2

I'm attempting to use pandas to manipulate some data and not seeming to find a built-in way to do resample my data to merge datasets with differing time indices.

It's not hard to do what I want using loops and such, but I'm trying to see if there's a means built into pandas to make it cleaner, perhaps using reindex or resample.

I have two data sets, each of which have data at somewhat regular intervals. One has data every ~10 seconds, the other every ~0.5 seconds. Note these are not perfectly regular in my data (e.g. could be every 9-11 seconds) and this must be preserved.

First I'd like to downsample the high resolution data such that I get the mean of all the high resolution samples that fall in the intervals between the low resolution samples.
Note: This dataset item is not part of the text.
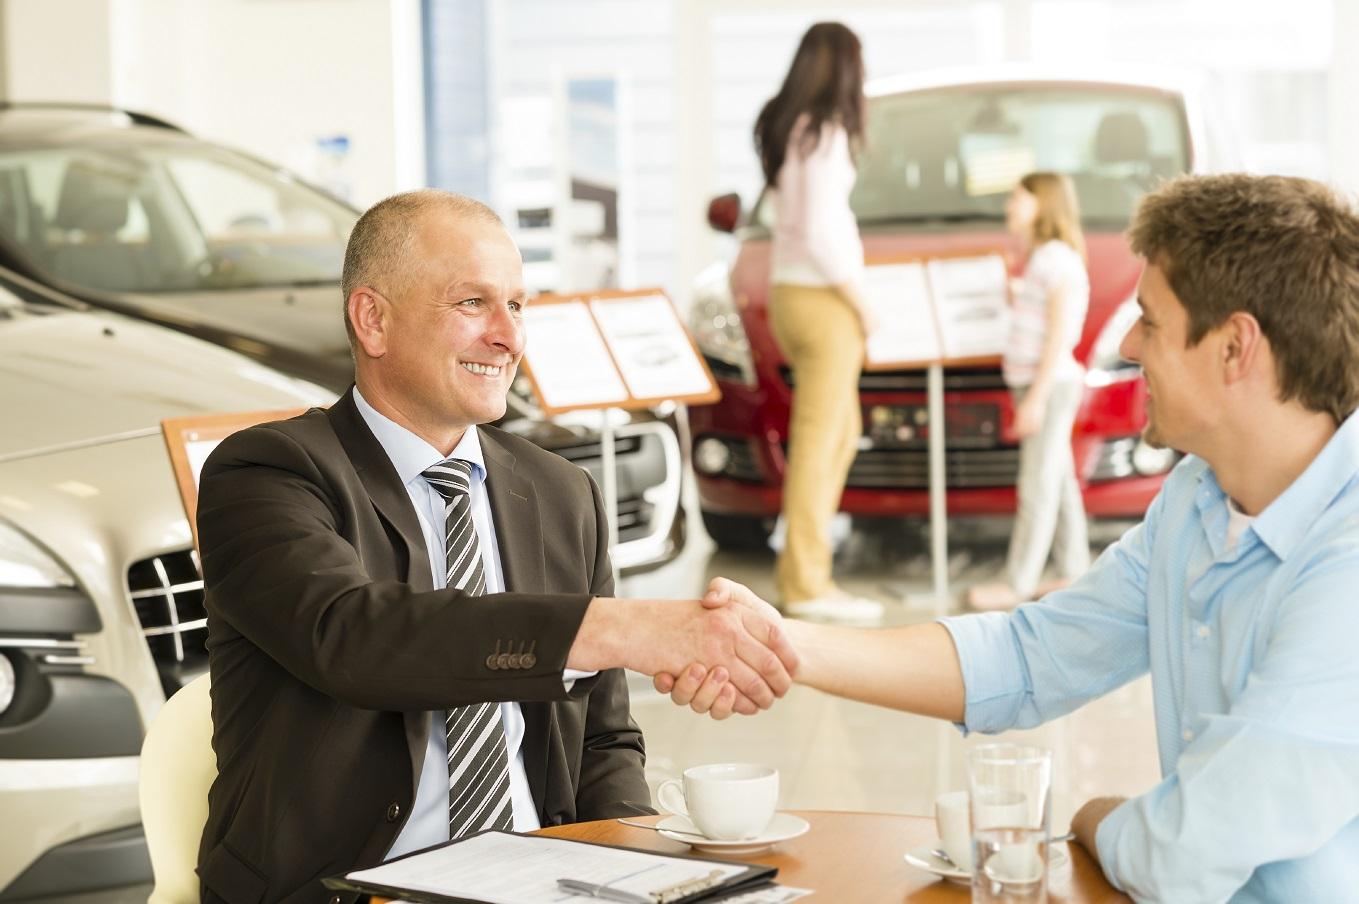 Used Cars For Sale By Owner Riyadh Saudi Arabia  Auto Soletcshat

Second I'd like to be able to upsample the low resolution data onto the high resolution time indices with interpolation.

I see lots of resample examples, but typically using regular time intervals (e.g. "10S) which won't work for me. I need to resample to irregular intervals defined by another series' index.

An example of the code, and a "manual" way to get the desired downsampling is below.

import pandas as pd
import numpy as np

#  high resolution data
index1 = pd.date_range('1/1/2000', periods=30, freq='S')
d = np.array([1 for i in range(30)])
d[12:23] = 8
hi_res_data = pd.Series(d, index=index1)

# low resolution data
index2 = pd.date_range('1/1/2000 00:00:00.5', periods=6, freq='5S')
low_res_data = pd.Series(range(100,106), index=index2)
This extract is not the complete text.